Dear Editor,
There has been much clamour about sugar being what brought us here. and from the PPP/C that sugar is too big to fail. What really brought our foreparents here was profit, the real driving force of any business.
We live in a changing world, and what was good five decades ago is no longer good today. Today cane sugar is considered a high calorie sweetener associated with diabetes and obesity ‒ two of the most prevalent diseases on the planet. Modern science has rendered cane sugar obsolete. Hence Demerara Gold has lost its lustre.

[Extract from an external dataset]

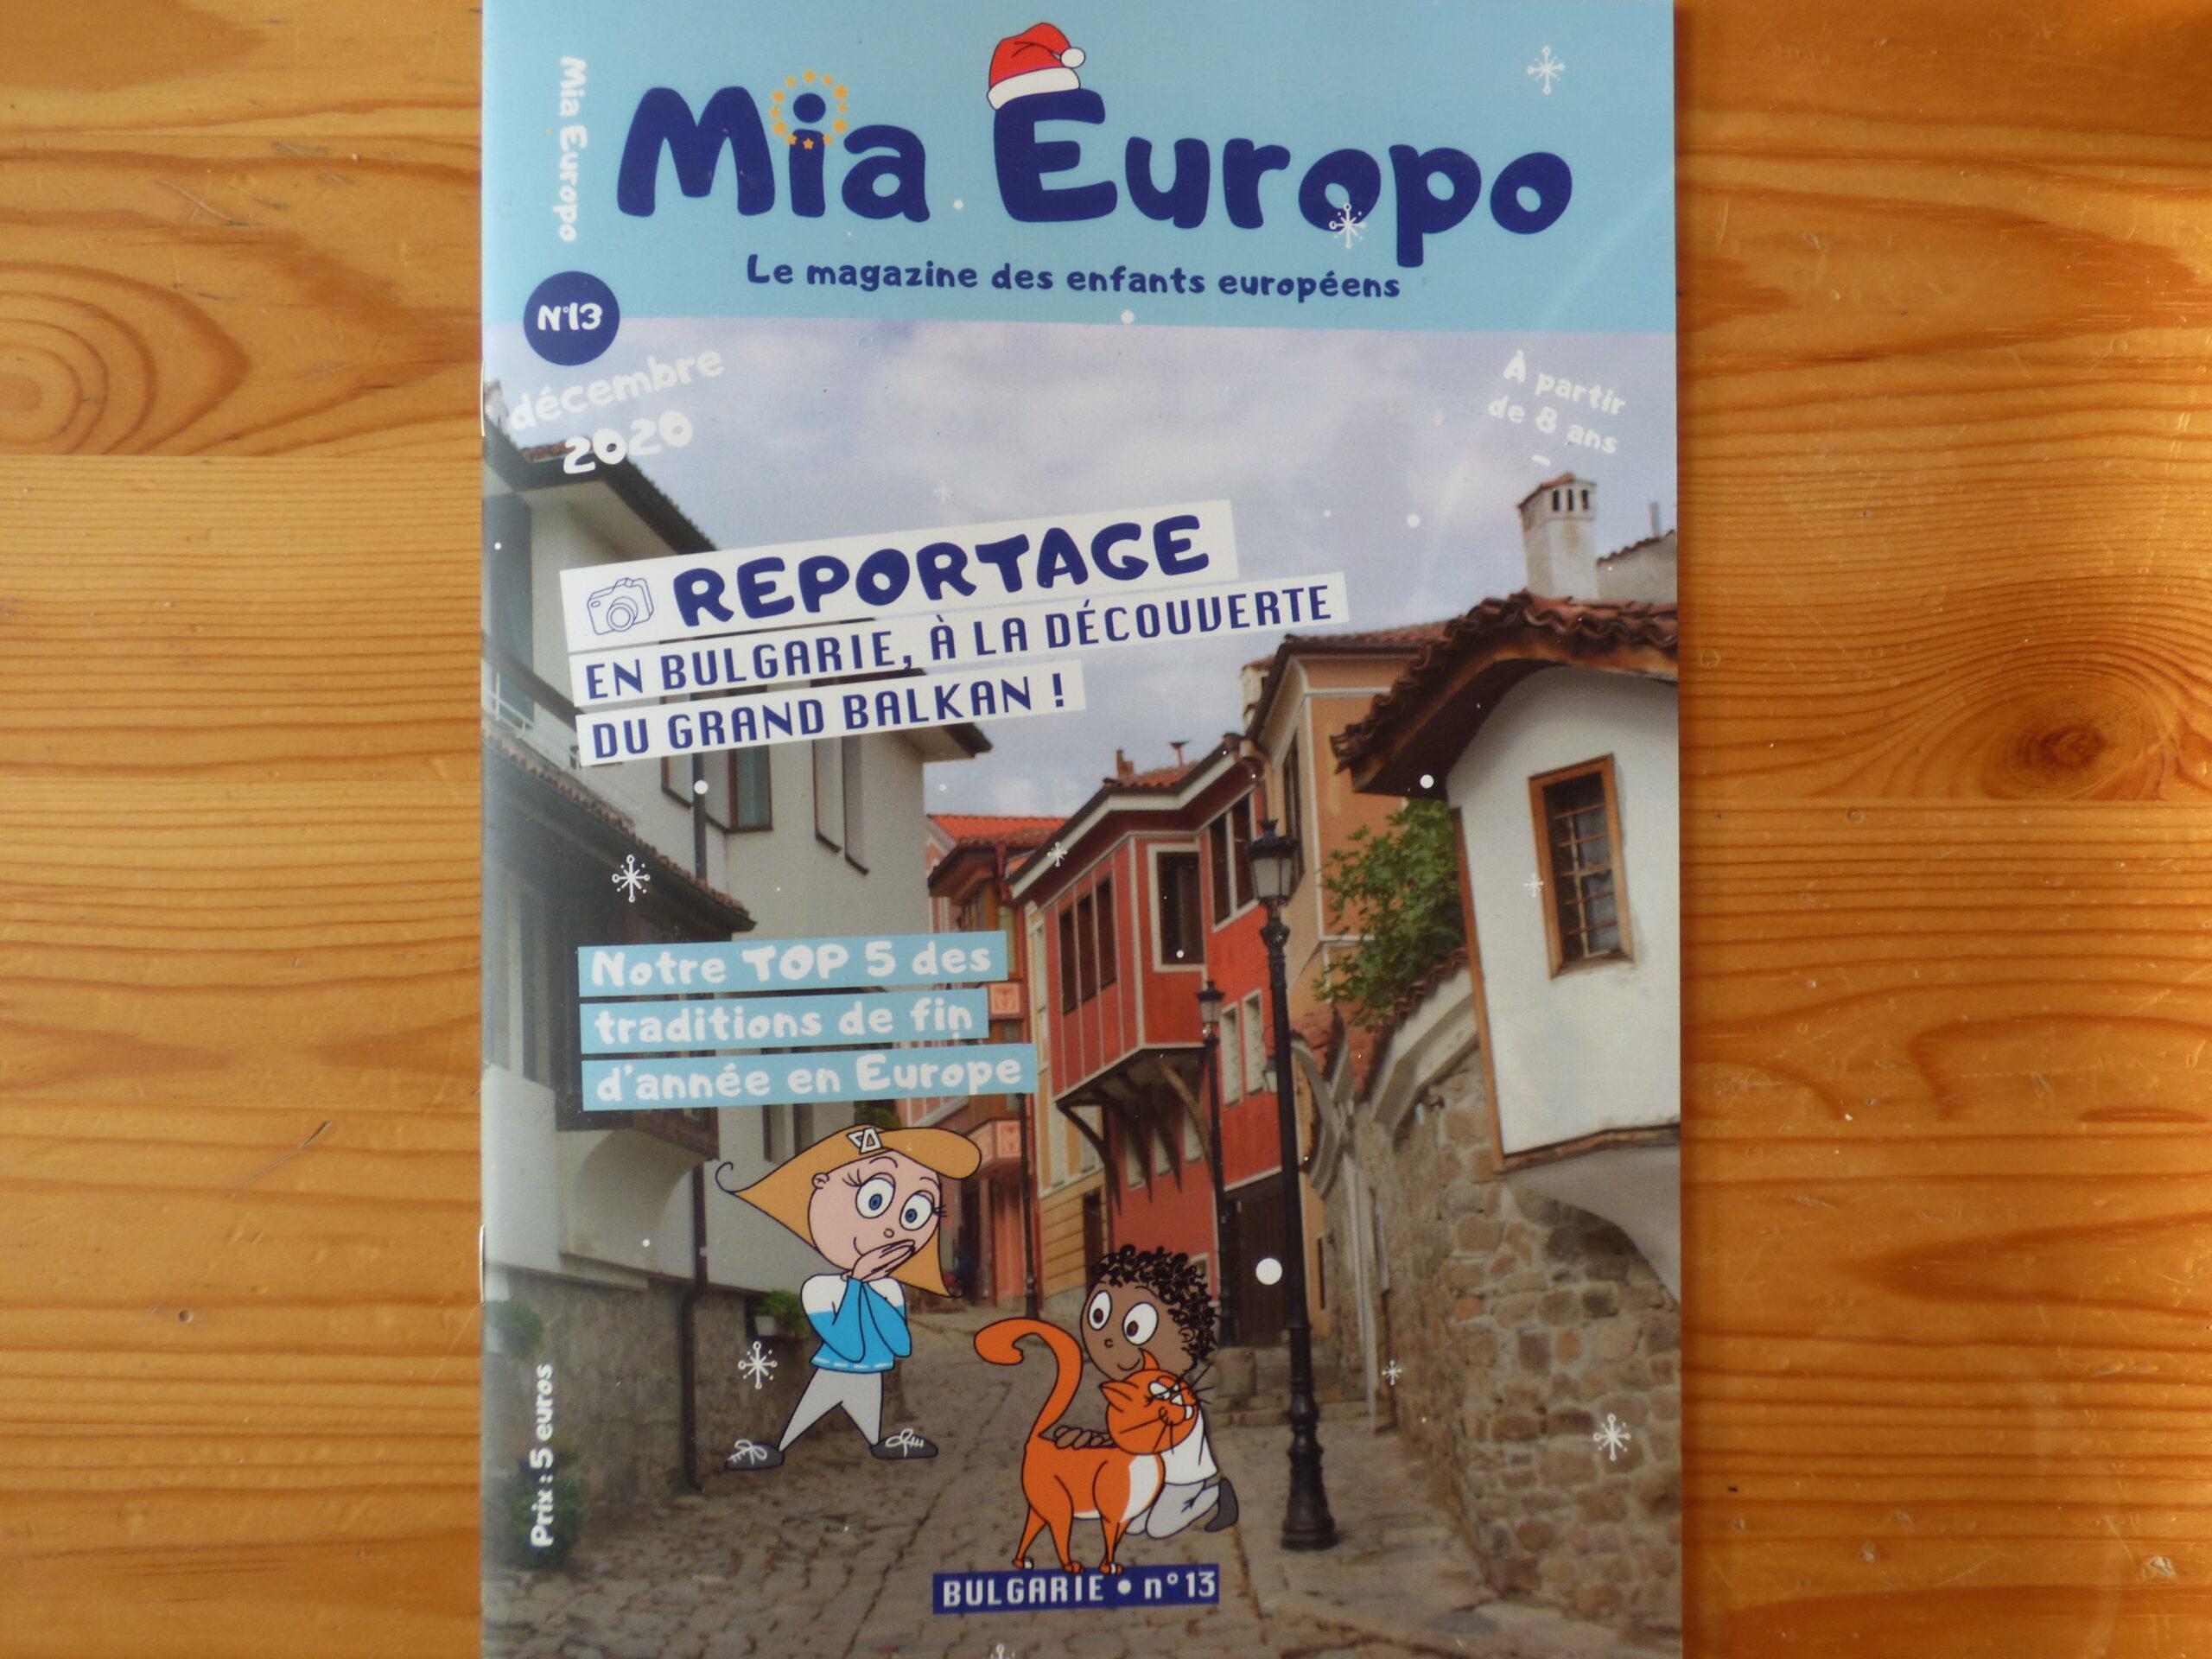 Mia Europo Bulgarie

While we must be thankful to the sugar cane for giving birth to our nation, we must not condone its inability to make a profit. GuySuCo has failed to make a profit for nearly two decades. It should be considered an act of gross negligence on the part of successive PPP/C governments that they tolerated such failure for so long at the expense of the entire nation. Worse is the fact that not once in the last two decades did they attempt to give GuySuCo any sort of ultimatum such as ‘produce or perish’ as the ‘Kabaka’ would have done. Instead, the visionary Jagdeo built what he called a flagship (the Skeldon factory) at cost of a whopping US$200 million for a dying industry. Sadly the death of that flagship was announced recently.
Two decades of making a loss in any business is unheard of internationally. In other parts of the world private companies continue to plant sugar cane and are making a profit, while our GuySuCo continues to sink deeper into the red zone. Here the economist will tell you to look at the ownership and management of the industry ‒ the state and the government respectively. GuySuCo remains state owned in the communist mode, a system which has been tested and proven inefficient since 1989 when the Cold War ended. There is a popular saying by the pundits of business that ‘nothing beats the eyes of the master’ ‒ meaning that no one can look over your business better than yourself. Ask the politicians who owns GuySuCo and they will tell you, the people of Guyana. What nonsense! The PPP/C has been running our GuySuCo at a loss for years and not once did they try to get our opinion on what to do. GuySuCo’s accumulated debt will be the burden of all taxpayers.
I commend President Granger for telling the people of this country that GuySuCo is putting a strain on the provision of services to the people. I never heard that from the PPP/C when they were in government.
We may have been better off if the PPP/C leaders had had the wisdom to recognize failure and close the industry a long time ago, putting it up for divestment. The annual subvention given to GuySuCo to keep it afloat and the US$200 million spent to build the Skeldon factory could have been used to continue paying sugar workers half their salary for a five year period so as to offset the consequences of unemployment.
I believe that in five years the company could have been fully divested into private hands ‒ local or foreign ‒ and would have made a profit for its new owners. During that time most of the workers would have been integrated back into the system.
The ball is in the coalition’s court to consider the divestment option ‒ desperate situations require desperate solutions. There is also the case for diversification. One agriculturalist has said that hemp is ten times more profitable than rice. GuySuCo could diversify to hemp, piloting its production in Guyana.
Given the bureaucratic controls of government and the attitudes of workers in the state-owned enterprises, I would recommend the divestment of GuySuCo instead of diversification. I do not believe that a state-owned company producing any commodity even if it is deemed to be as profitable as hemp, could turn a profit unless there is a preferential market for that company.
Governments should concentrate on the provision of services and not the production of commodities.